Did I ever say I didn't like skagness? Maybe I was suggesting you need a new girlfriend (me!) To take with you to that glorious coastal gem....

Yes I approve of bakewell. Though not been for years, and can't help on the coffee front there used to be an amazing German sausage shop cafe.


----------



## DavecUK (Aug 6, 2013)

I'd get a Bakewell Tart while your there.


----------



## ronsil (Mar 8, 2012)

DavecUK said:


> I'd get a Bakewell Tart while your there.
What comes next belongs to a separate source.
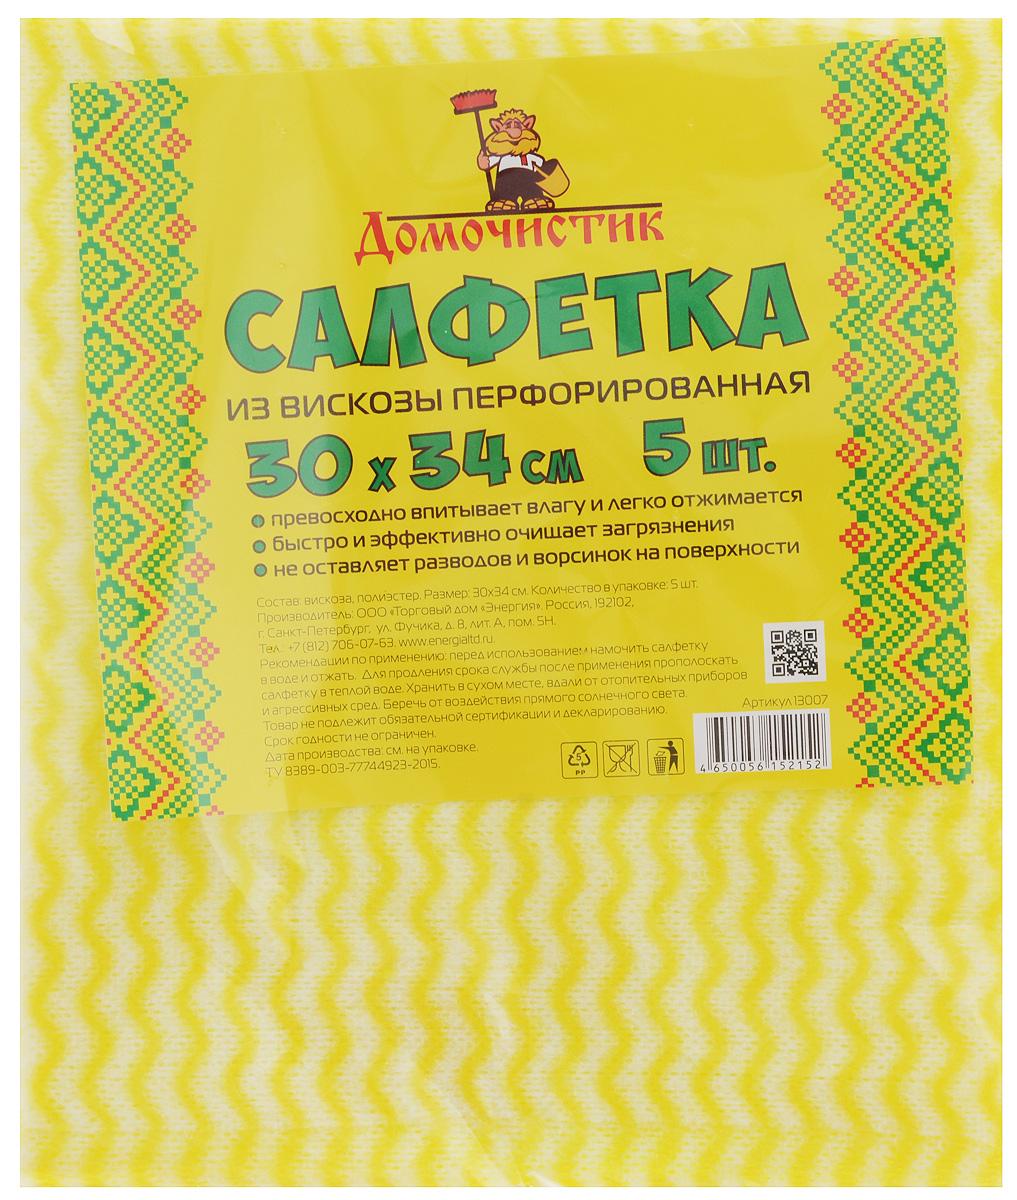 Салфетка для уборки Домочистик из вискозы, перфорированная, цвет: желтый, зеленый, 30 x 34 см, 5 шт13007_желтый, зеленыйПерфорированные салфетки для уборки Домочистик выполнены из вискозы, превосходно впитывают влагу и легко отжимаются. Быстро и эффективно очищают загрязнения, не оставляют разводов. Рекомендации по применению:Перед использованием намочить салфетку в воде и отжать.Для продления срока службы после применения прополоскать в теплой воде.Хранить в сухом месте, вдали отопительных приборов и агрессивных сред.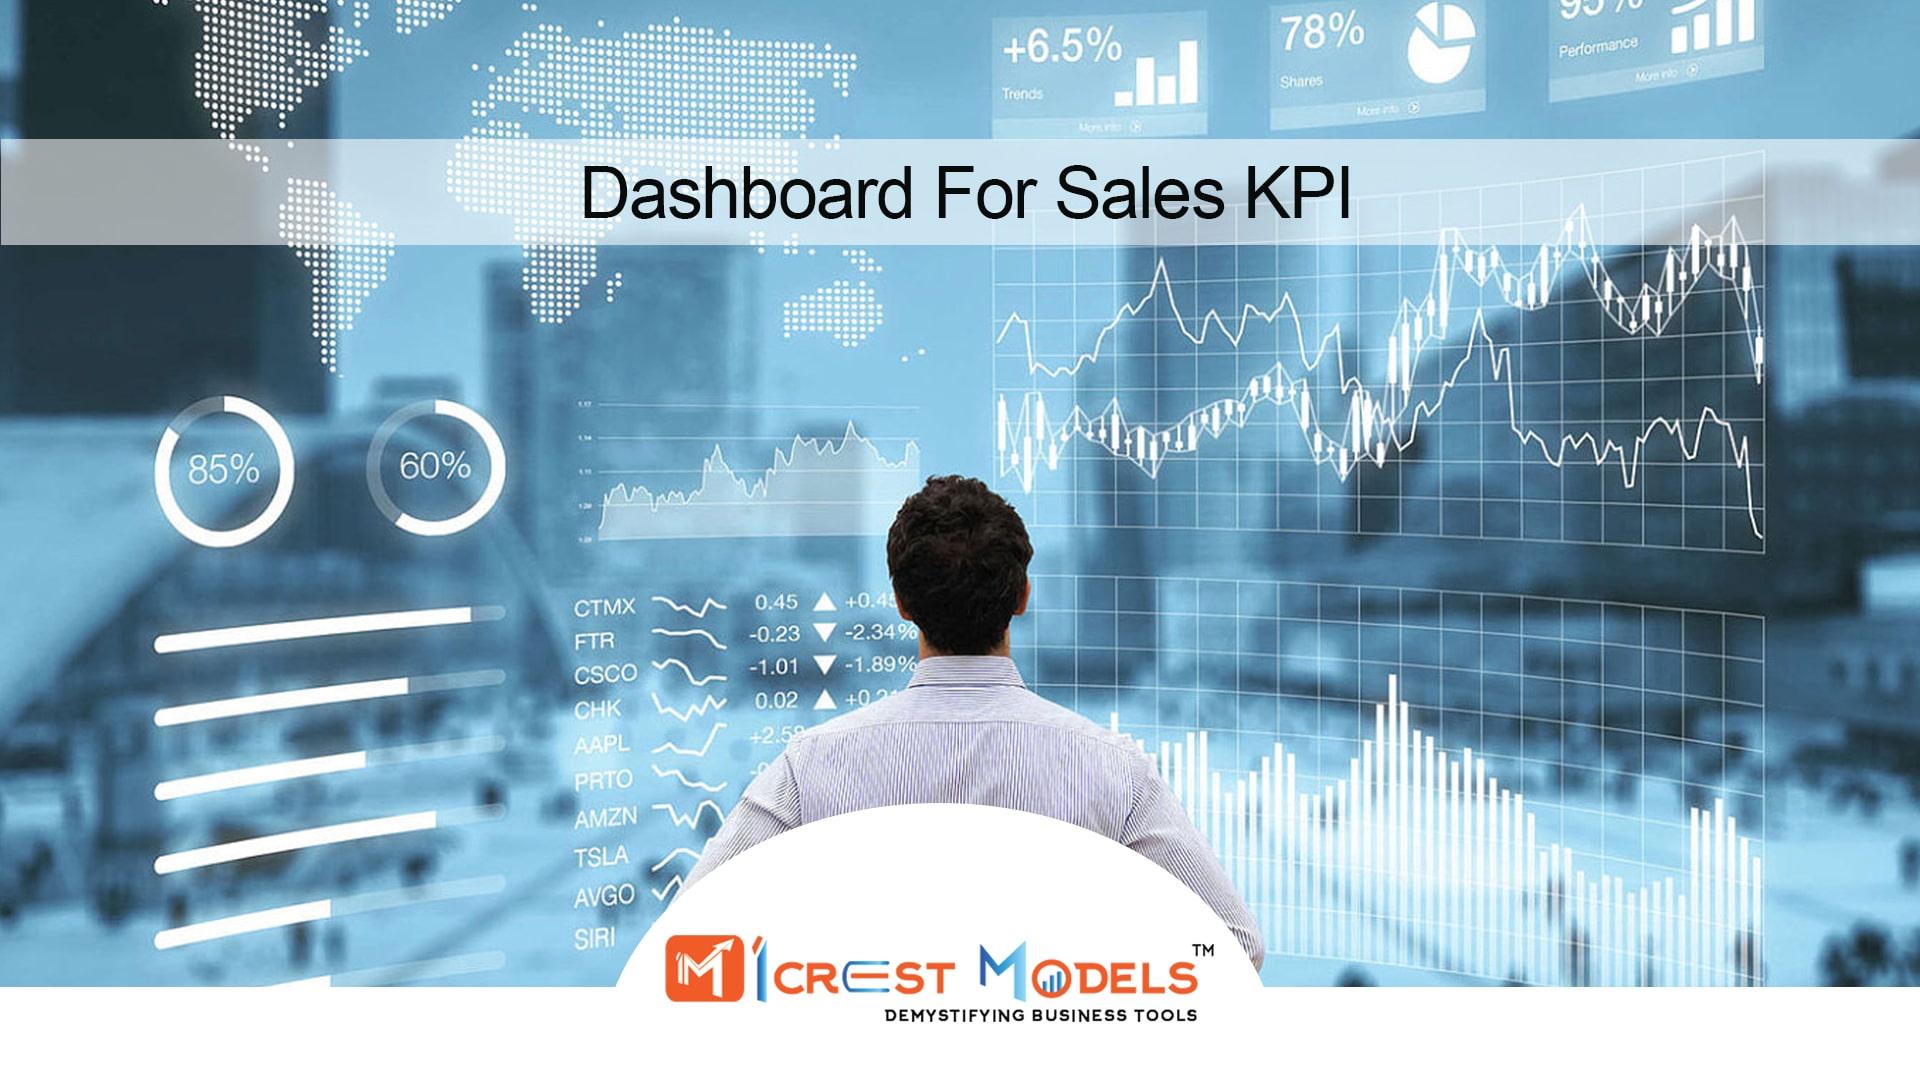 Dashboard For Sales KPI

....errr...Bakewell Pudding to be exact.


----------



## Kyle T (Jan 6, 2016)

Missy said:


> Did I ever say I didn't like skagness? Maybe I was suggesting you need a new girlfriend (me!) To take with you to that glorious coastal gem....
> 
> Yes I approve of bakewell. Though not been for years, and can't help on the coffee front there used to be an amazing German sausage shop cafe.


You actually said find a new girlfriend who hates the sea.








But I'm not keeping track or anything







.

Im definitely getting a Bakewell tart (pudding!)


----------



## 4515 (Jan 30, 2013)

Kyle T said:


> You actually said find a new girlfriend who hates the sea.
> 
> 
> 
> ...


Wasn't it 'find a new girlfriend who hates tea ?'


----------



## Missy (Mar 9, 2016)

DavecUK said:


> I'd get a Bakewell Tart while your there.


Well I sniggered anyway. You pudding! This lot need less discreet smut I think.



working dog said:


> Wasn't it 'find a new girlfriend who hates tea ?'


No it was find a new girlfriend who hates Smee (and all other Peter pan references)


----------



## R6GYY (Nov 22, 2015)

When my g/f and I stopped in Bakewell on the way back from somewhere (ooh - nearly 2 years ago now), we had a drink upstairs in the http://www.tirolerstuberl.co.uk/ (Austrian coffee shop and sausage importer). It looked quite enticing from the outside, and we had a pleasant experience there.

I went for a French press / cafetiere - it would almost certainly have been the Monsoon Malabar I went for. Sadly, I can't really remember whether it was good, bad or indifferent! But they do have a variety of coffees on offer so might be worth a punt for you.


----------



## Missy (Mar 9, 2016)

R6GYY said:


> When my g/f and I stopped in Bakewell on the way back from somewhere (ooh - nearly 2 years ago now), we had a drink upstairs in the http://www.tirolerstuberl.co.uk/ (Austrian coffee shop and sausage importer). It looked quite enticing from the outside, and we had a pleasant experience there.
> 
> I went for a French press / cafetiere - it would almost certainly have been the Monsoon Malabar I went for. Sadly, I can't really remember whether it was good, bad or indifferent! But they do have a variety of coffees on offer so might be worth a punt for you.


Or drink the imported pop. It's scrummy, this is where we went!


----------